= WHAT IS NEEDED =
Please write out only the lines from the line with "Buy Maharani Kalista" to the line with "hp LaserJet P2015dn Printer", inclusive, exactly as they stand below, without the pictures.

= MATERIAL FOR THIS EXERCISE =
▼▼▼
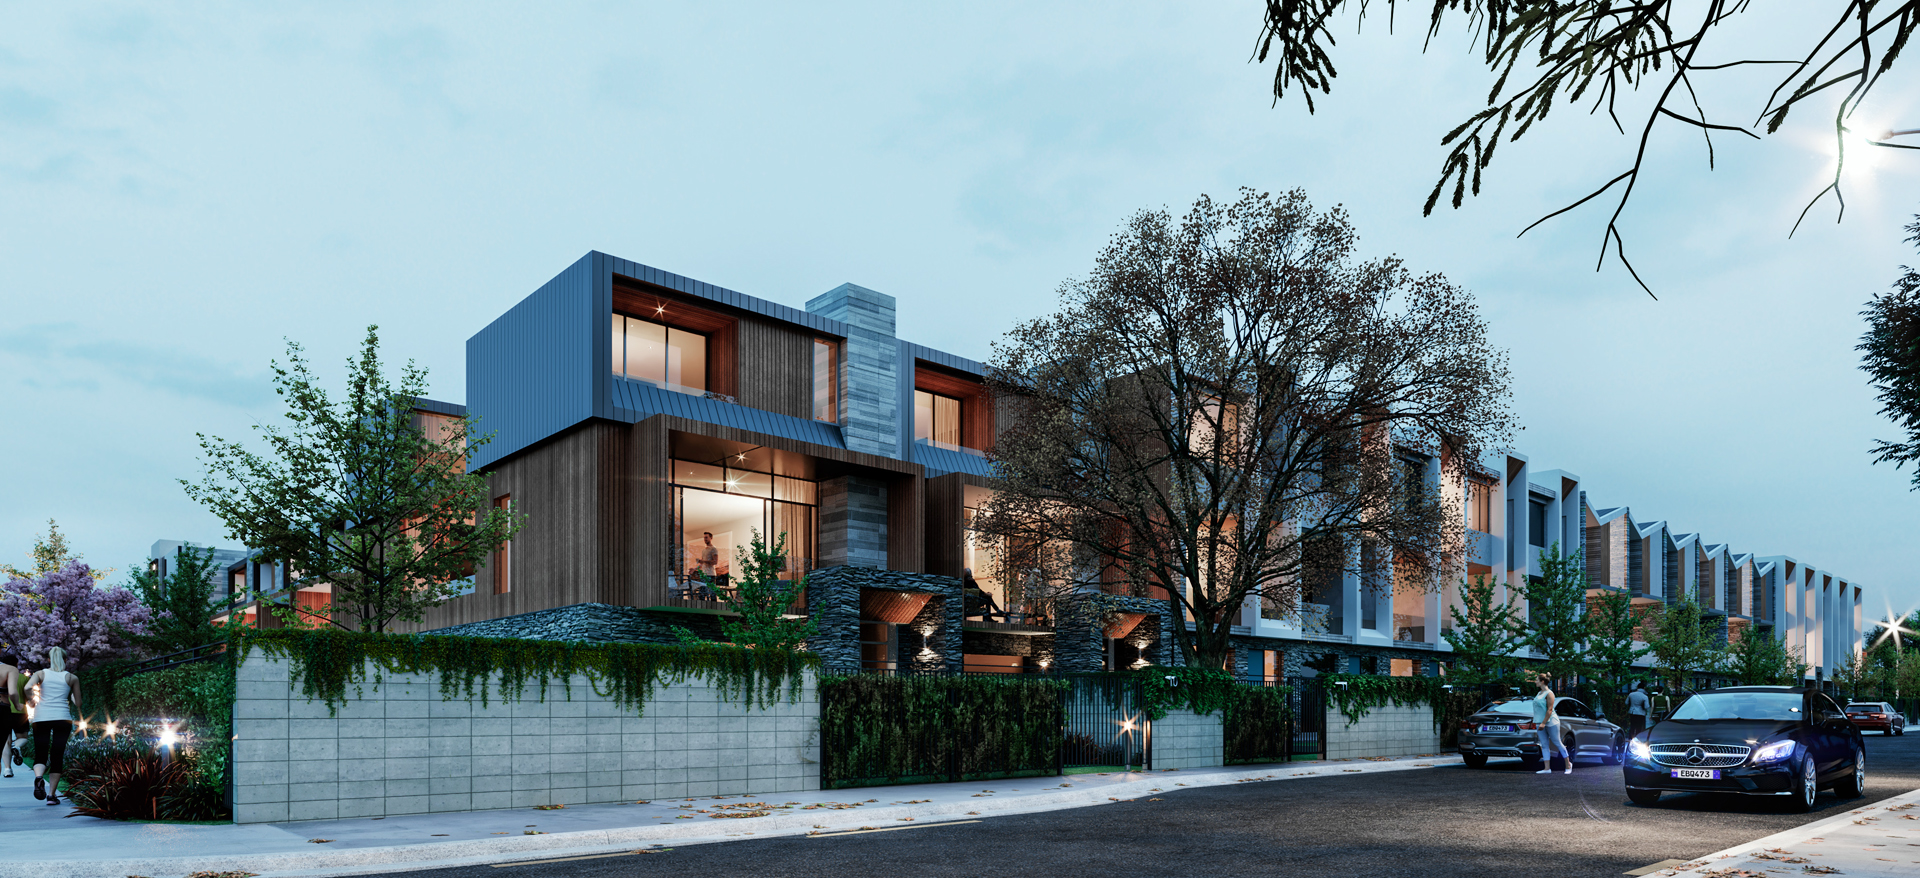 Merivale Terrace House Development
▲▲▲
▼▼▼
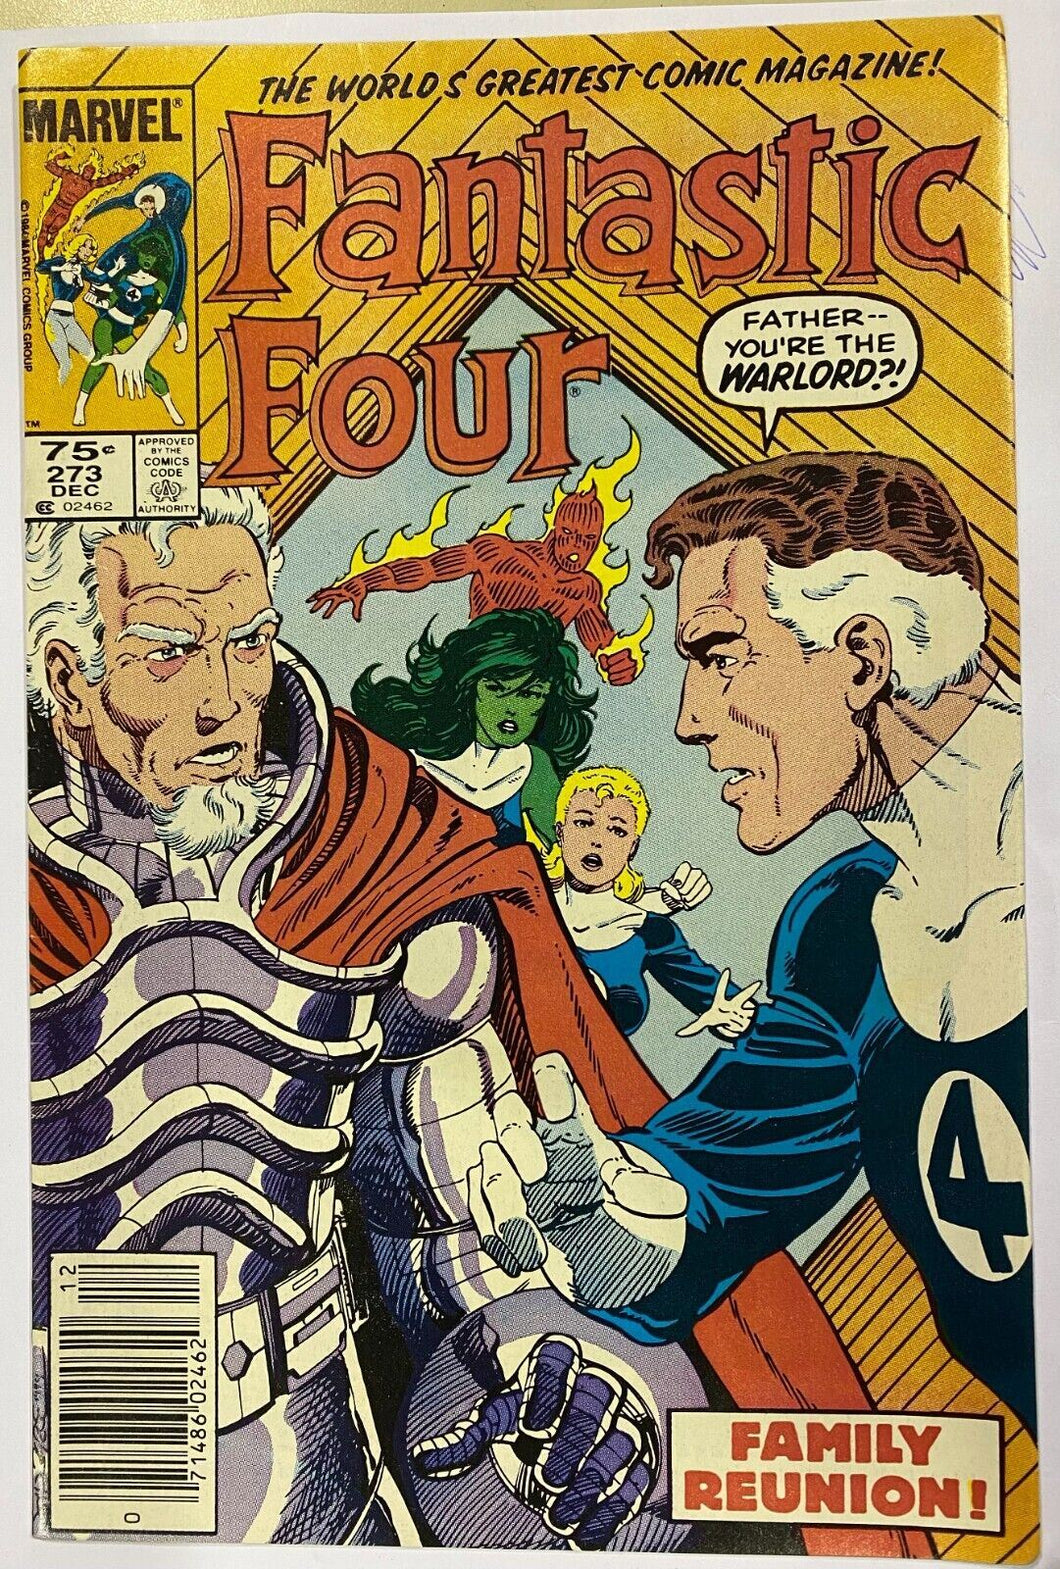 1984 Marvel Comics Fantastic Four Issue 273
▲▲▲
▼▼▼
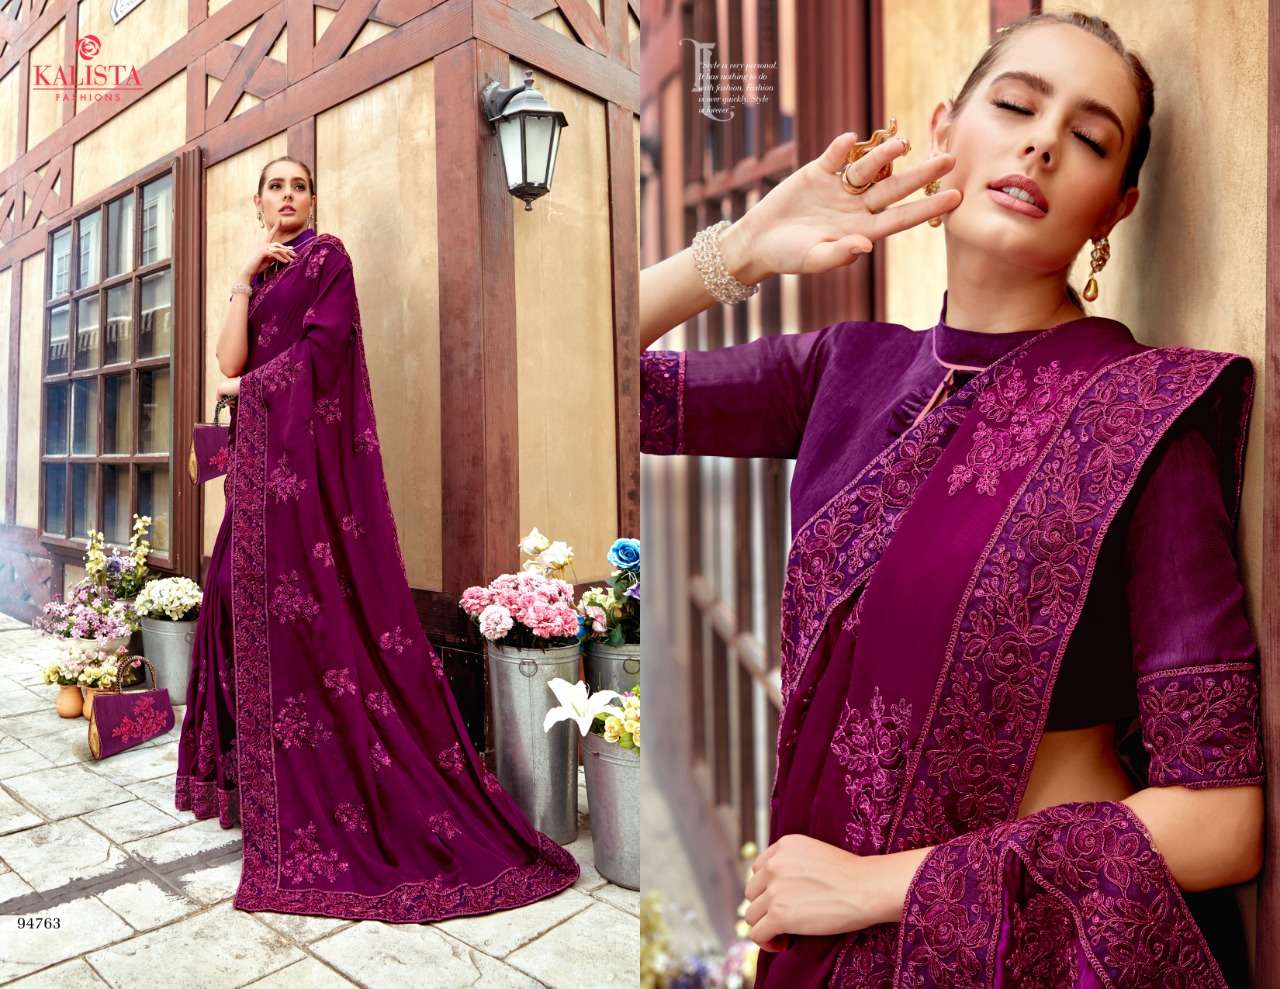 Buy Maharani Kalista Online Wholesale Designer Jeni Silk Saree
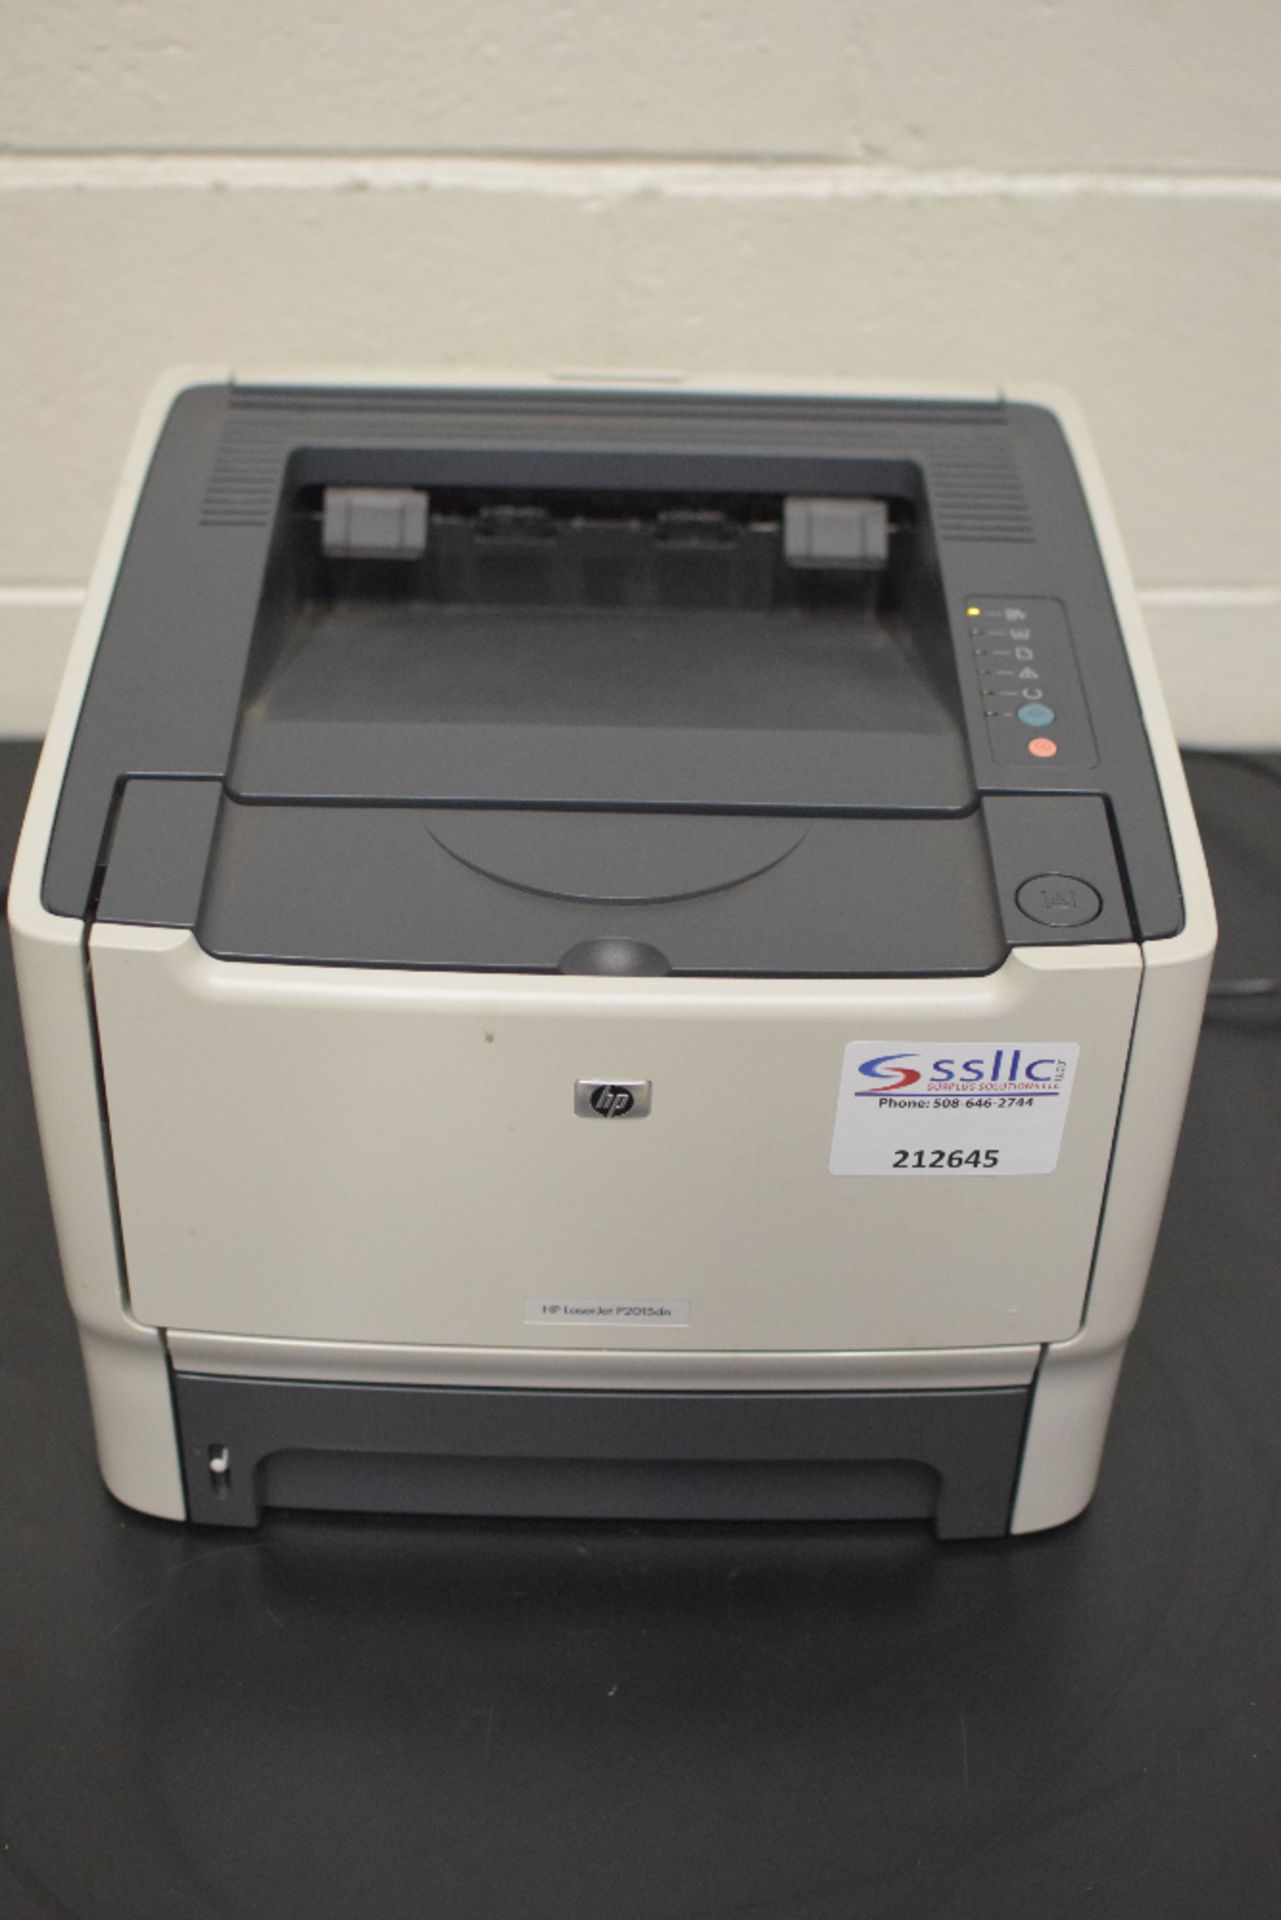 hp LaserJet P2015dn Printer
▲▲▲
= THE ANSWER =
 Buy Maharani Kalista Online Wholesale Designer Jeni Silk Saree
 hp LaserJet P2015dn Printer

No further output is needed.